## Given data
☆ ☆ ☆ ☆

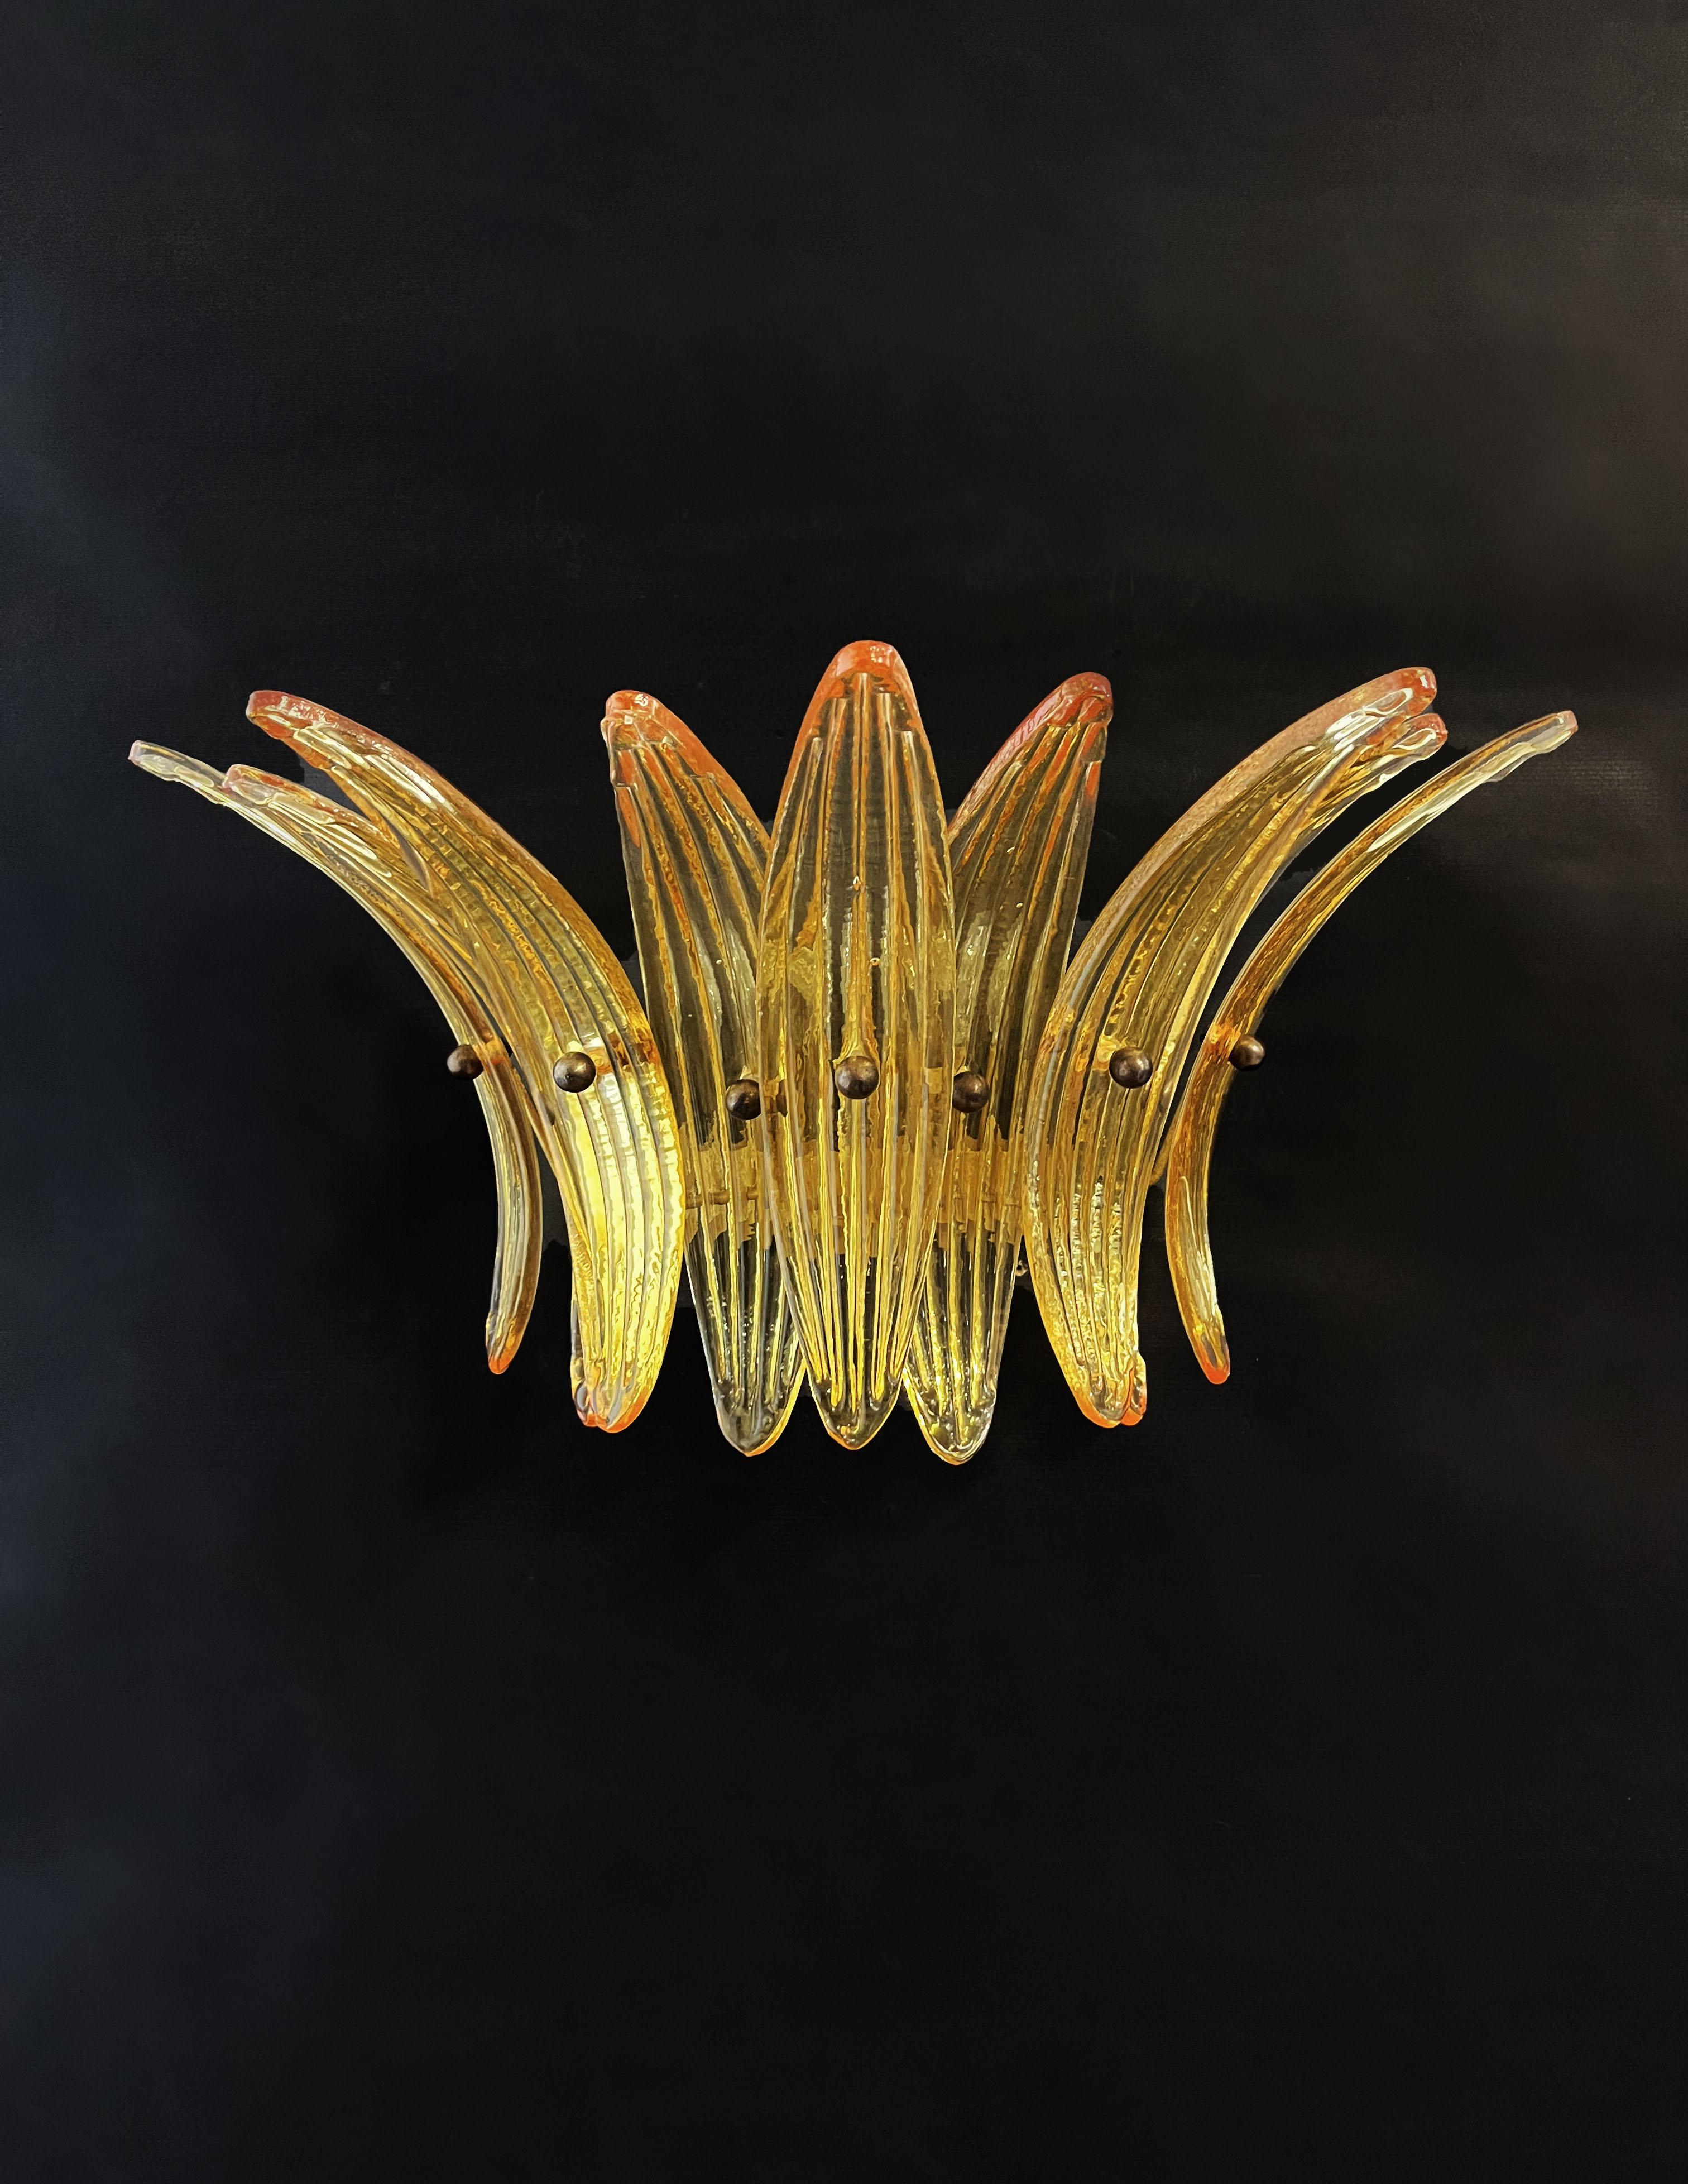 Paire d'appliques en verre de Murano luxueuses et authentiques. 100% fait à la main à Murano. Les appliques sont réalisées par 9 palmettes en verre ambré de Murano faites à la main, pour chacune d'entre elles, dans un cadre en métal massif peint en
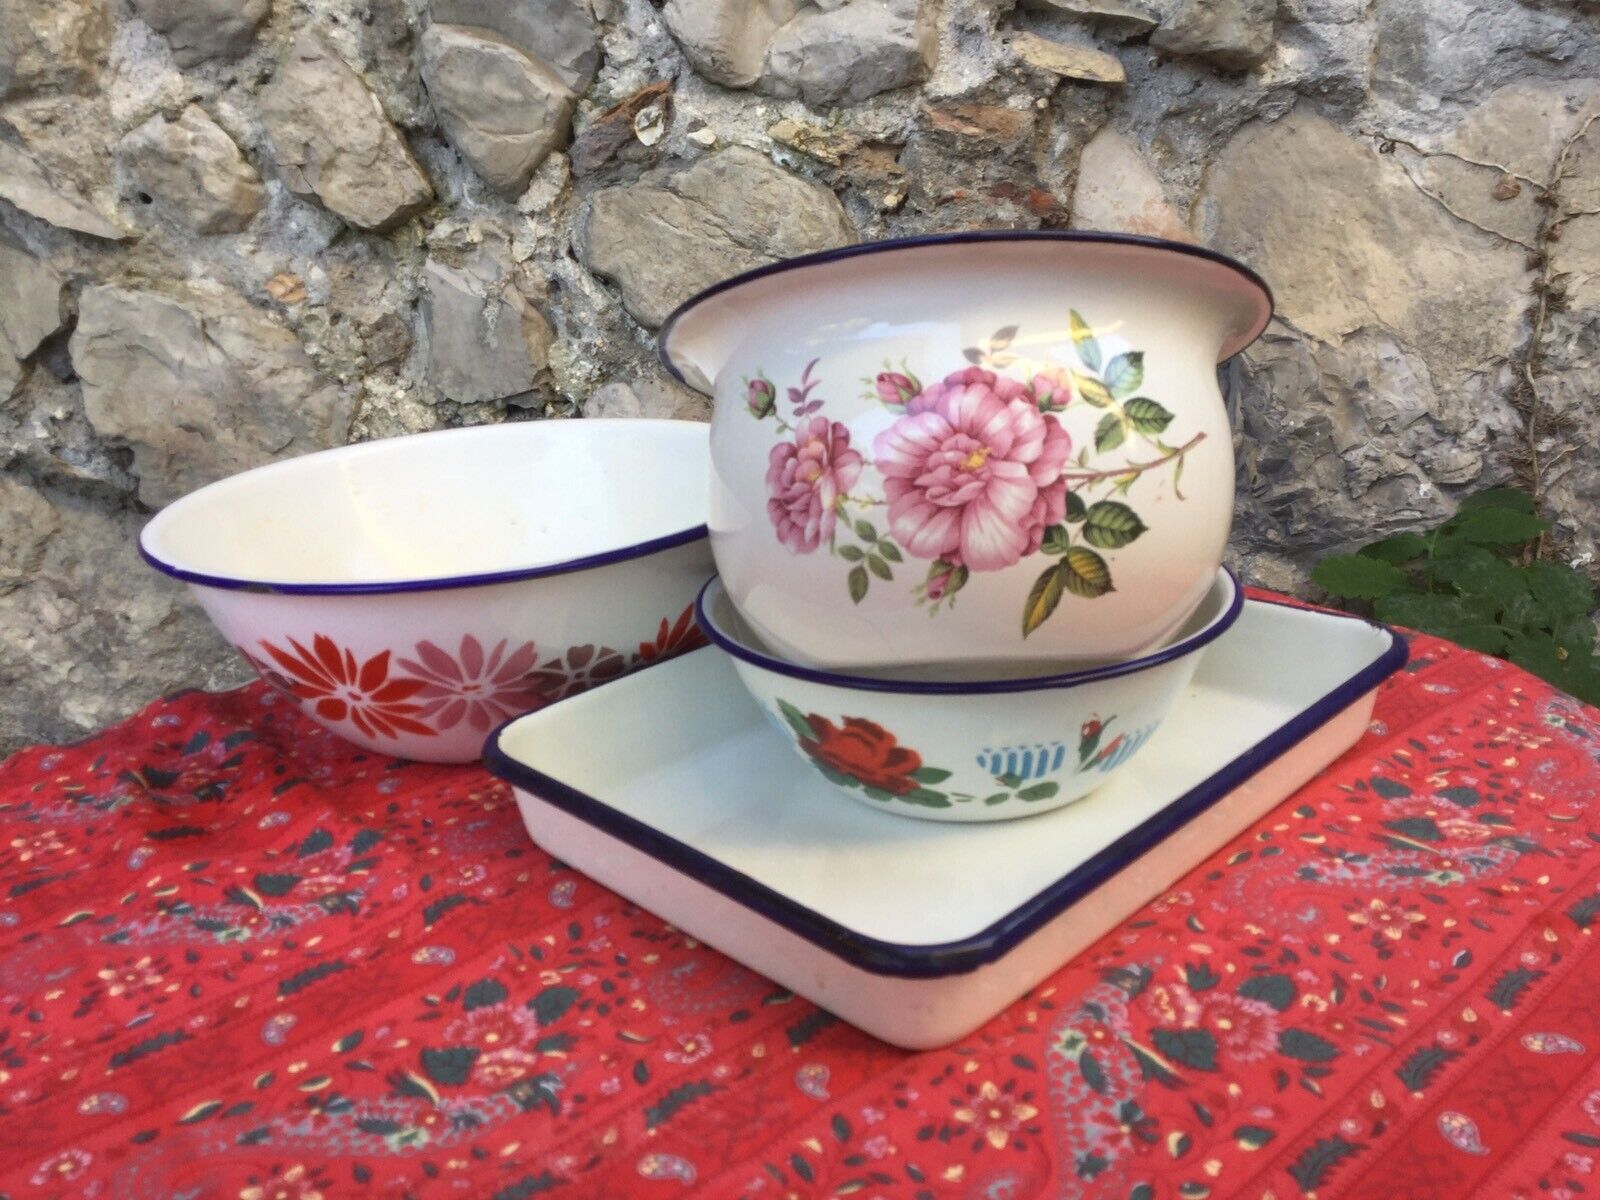 4 Vintage French Enamelware Bowls Tray Enamel Floral Blue Rimmed Graniteware Set
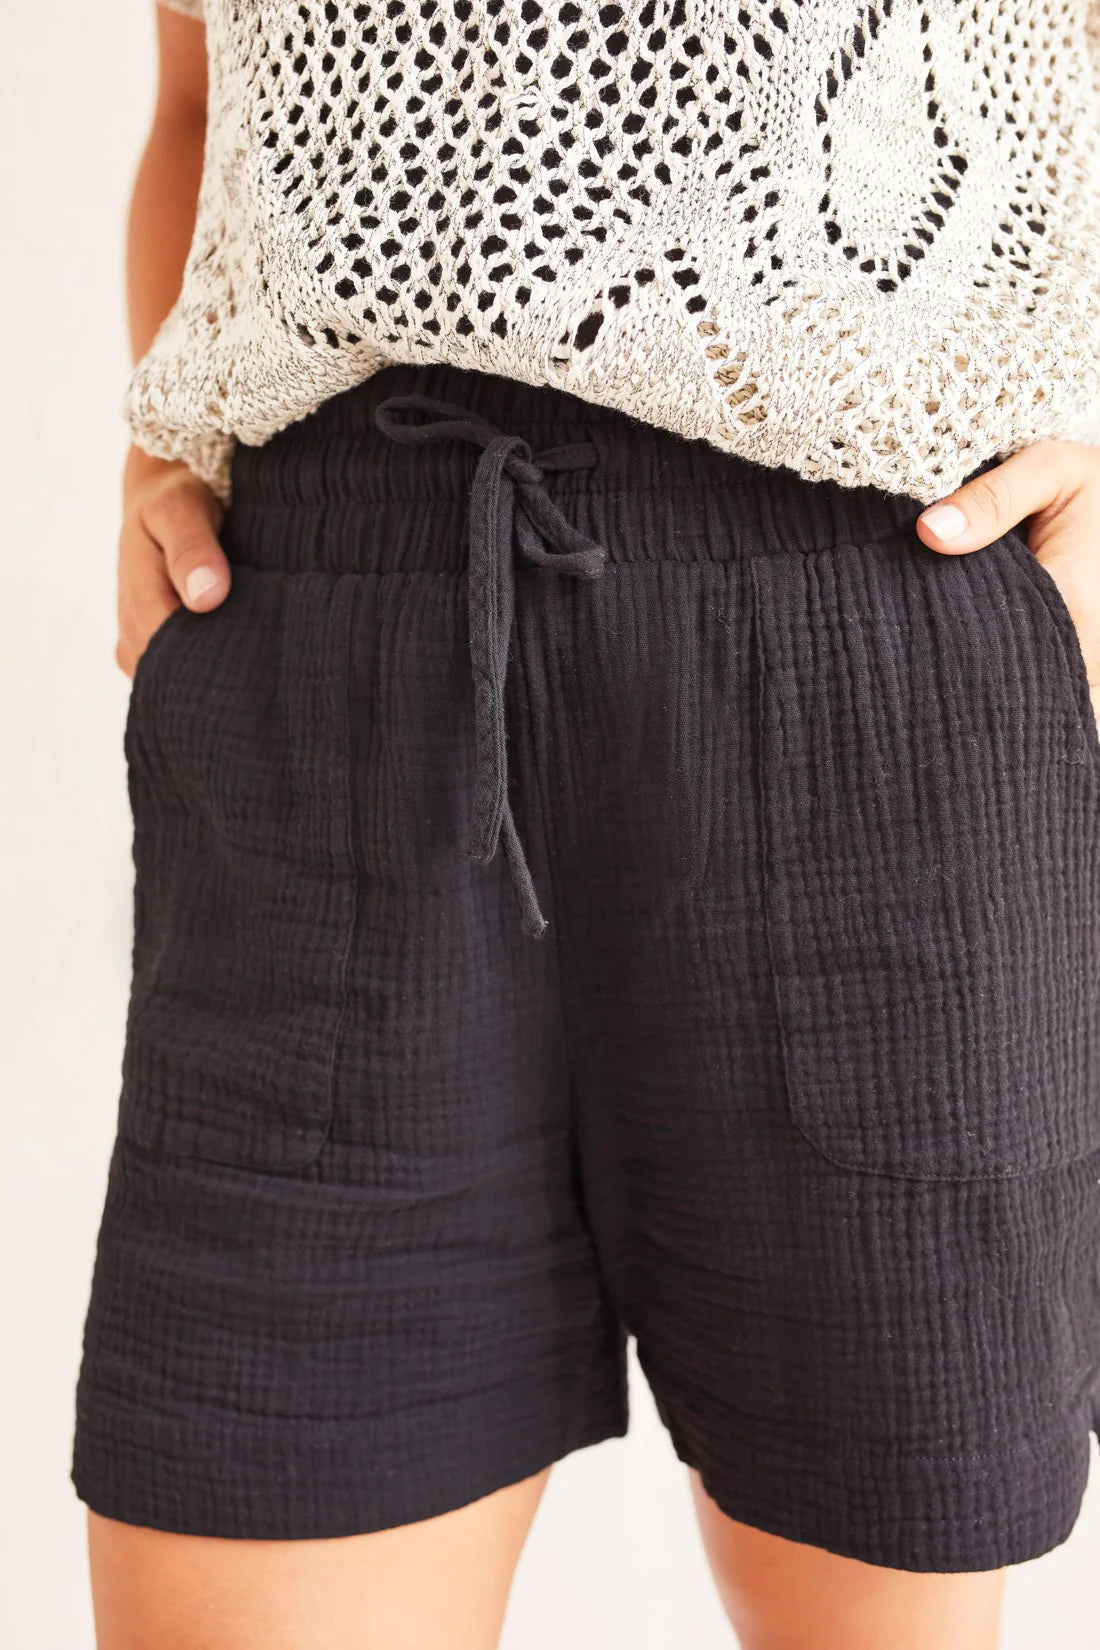 Black Cotton Gauze Shorts With Elastic Waist

☆ ☆ ☆ ☆

## What to produce
Print each line of the listing exactly and include no pictures.

## Exercise result
 Paire d'appliques en verre de Murano luxueuses et authentiques. 100% fait à la main à Murano. Les appliques sont réalisées par 9 palmettes en verre ambré de Murano faites à la main, pour chacune d'entre elles, dans un cadre en métal massif peint en
 4 Vintage French Enamelware Bowls Tray Enamel Floral Blue Rimmed Graniteware Set
 Black Cotton Gauze Shorts With Elastic Waist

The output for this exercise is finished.